The mark_for was renamed enqueue, this makes it easier to talk about deoptimization in a context where marking is already a thing (e.g. GCs) and is more correct with regards to what the codes actually does.

All remaining changes are with regards to deoptimize_done and that it does not really mean what it says. The comment in update_recompile_counts() describes the issue. The most correct thing would be to rename it to something like deoptimize_post_call_installed or deoptimize_post_call_patched and just leave it like that. No code currently cares if the deoptimization logic is completed (with regards to stack frame walking), only if an nmethod has enqueued deoptimization or not, and if NativePostCallNop instructions has been installed for loom.

[xmas92]

Opening this PR for review.

Terminology for deoptimizing compiled methods has been updated and the process encapsulated.
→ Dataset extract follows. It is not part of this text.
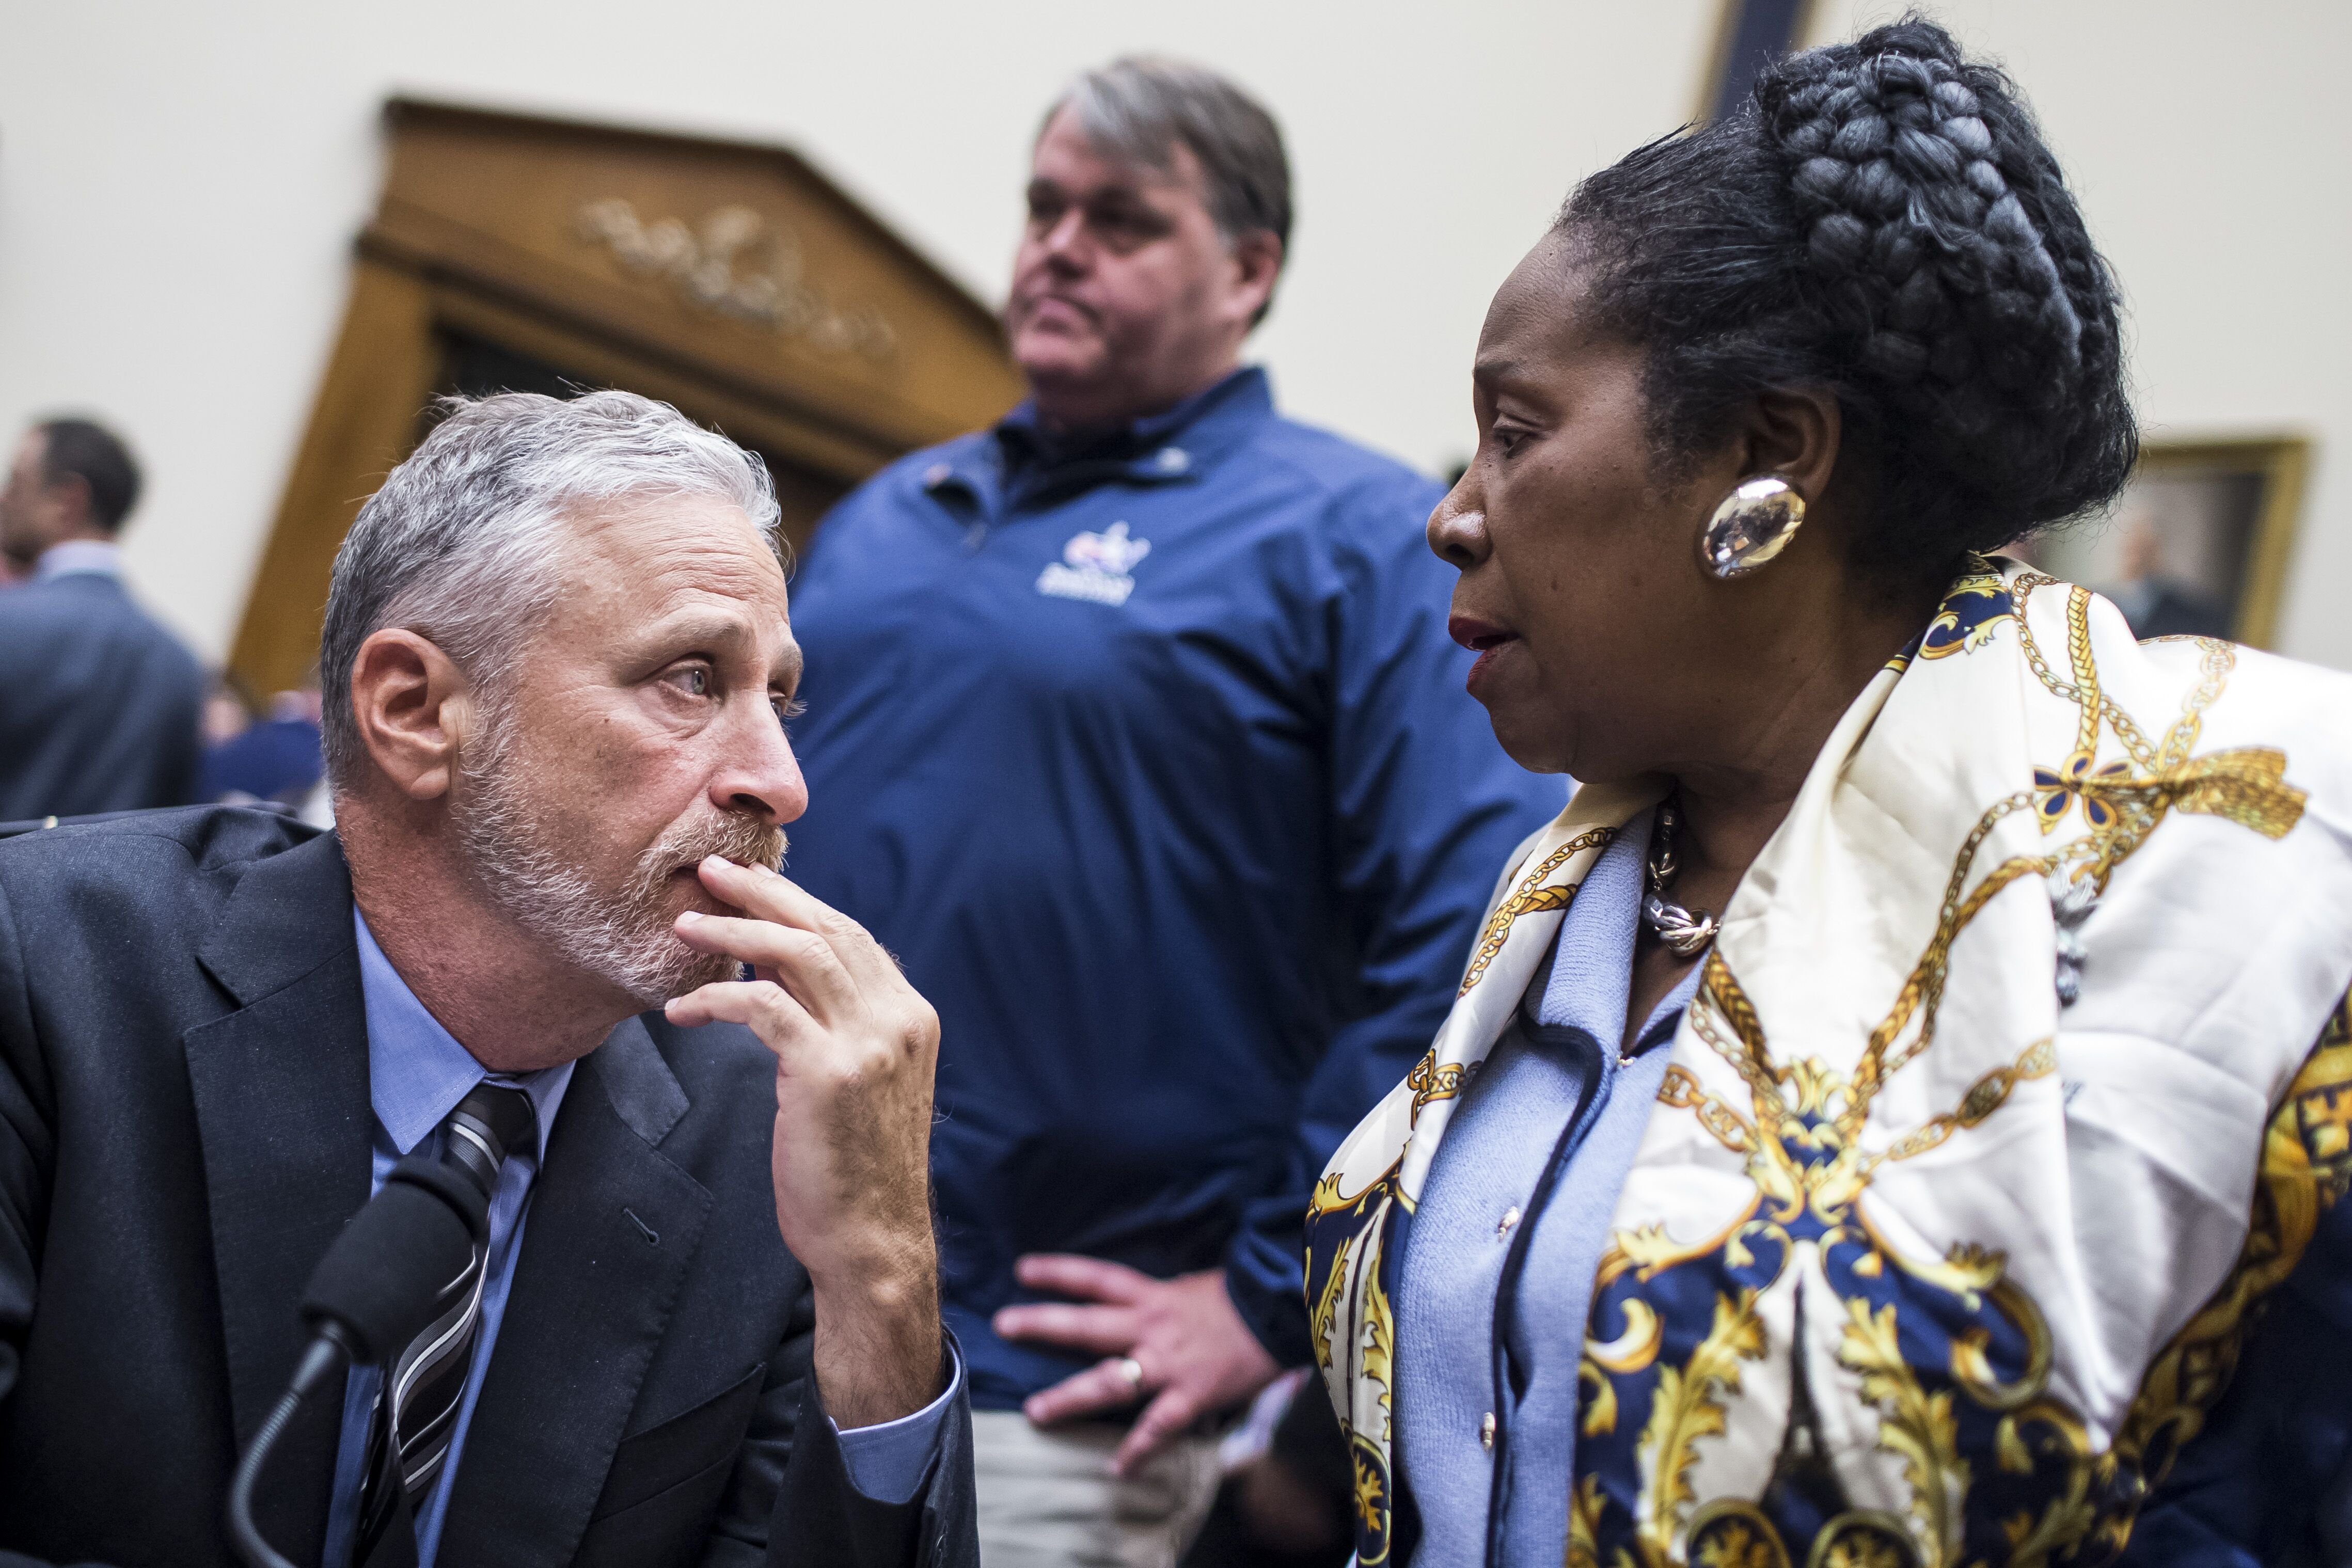 Jon Stewart speaks to Rep. Sheila Jackson Lee (D-TX) on Capitol Hill on June 11, 2019 in Washington, DC. | Source: Getty Images

The terminology was chosen to better reflect what is happening and not clash with other terminology used when working with compiled methods.

The encapsulation was done with a RAII object which enables more rigorous assertion of the usage and behaviour of the code.

The fix for the deviation mentioned in the issue and the comments above was address in JDK-8291718 and has been merged.

I made some comments about moving out the linked list optimisation into a separate issue, however there are two tests that currently are sensitive to (I suspect) asserts inside the critical sections of the deoptimization. The tests are:

• vmTestbase/vm/mlvm/indy/stress/java/volatileCallSiteDekker/TestDescription.java
• vmTestbase/vm/mlvm/indy/stress/java/mutableCallSiteDekker/TestDescription.java

They will (most of the time) timeout on linux debug builds, but succeed with a larger timeoutFactor. I do not yet have access to a linux machine to debug and investigate more thoroughly, but I suspect that, as this test just keep rebinding CallSites in a loop, they trigger a lot of deoptimizations which creates a lot of contention on the Compile_lock and CodeCache_lock, and the longer critical sections (due to more asserts) increase the probability of contention slowdowns.

With the bea67de the timeout problem goes away as we are not walking the CodeCache when we do not need to. The unnecessary CodeCache walking time to safepoint issue is what motivated the encapsulation in the first place.

Testing: Oracle Platforms Tier 1-5

[openjdk[bot]]

@xmas92 this pull request can not be integrated into master due to one or more merge conflicts. To resolve these merge conflicts and update this pull request you can run the following commands in the local repository for your personal fork:

git checkout JDK-8291237
git fetch https://git.openjdk.org/jdk master
git merge FETCH_HEAD
# resolve conflicts and follow the instructions given by git merge
git commit -m "Merge master"
git push

[xmas92]

Just an update and a call for reviews.

JDK-8290025 / #9741 was merged in 030ed7e which makes this change easier to reson about as the lifetime of nmethods are simpler. The merge was tested on oracle platforms tier 1-5.

[bridgekeeper[bot]]

@xmas92 This pull request has been inactive for more than 4 weeks and will be automatically closed if another 4 weeks passes without any activity. To avoid this, simply add a new comment to the pull request. Feel free to ask for assistance if you need help with progressing this pull request towards integration!

[bridgekeeper[bot]]

@xmas92 This pull request has been inactive for more than 8 weeks and will now be automatically closed. If you would like to continue working on this pull request in the future, feel free to reopen it! This can be done using the /open pull request command.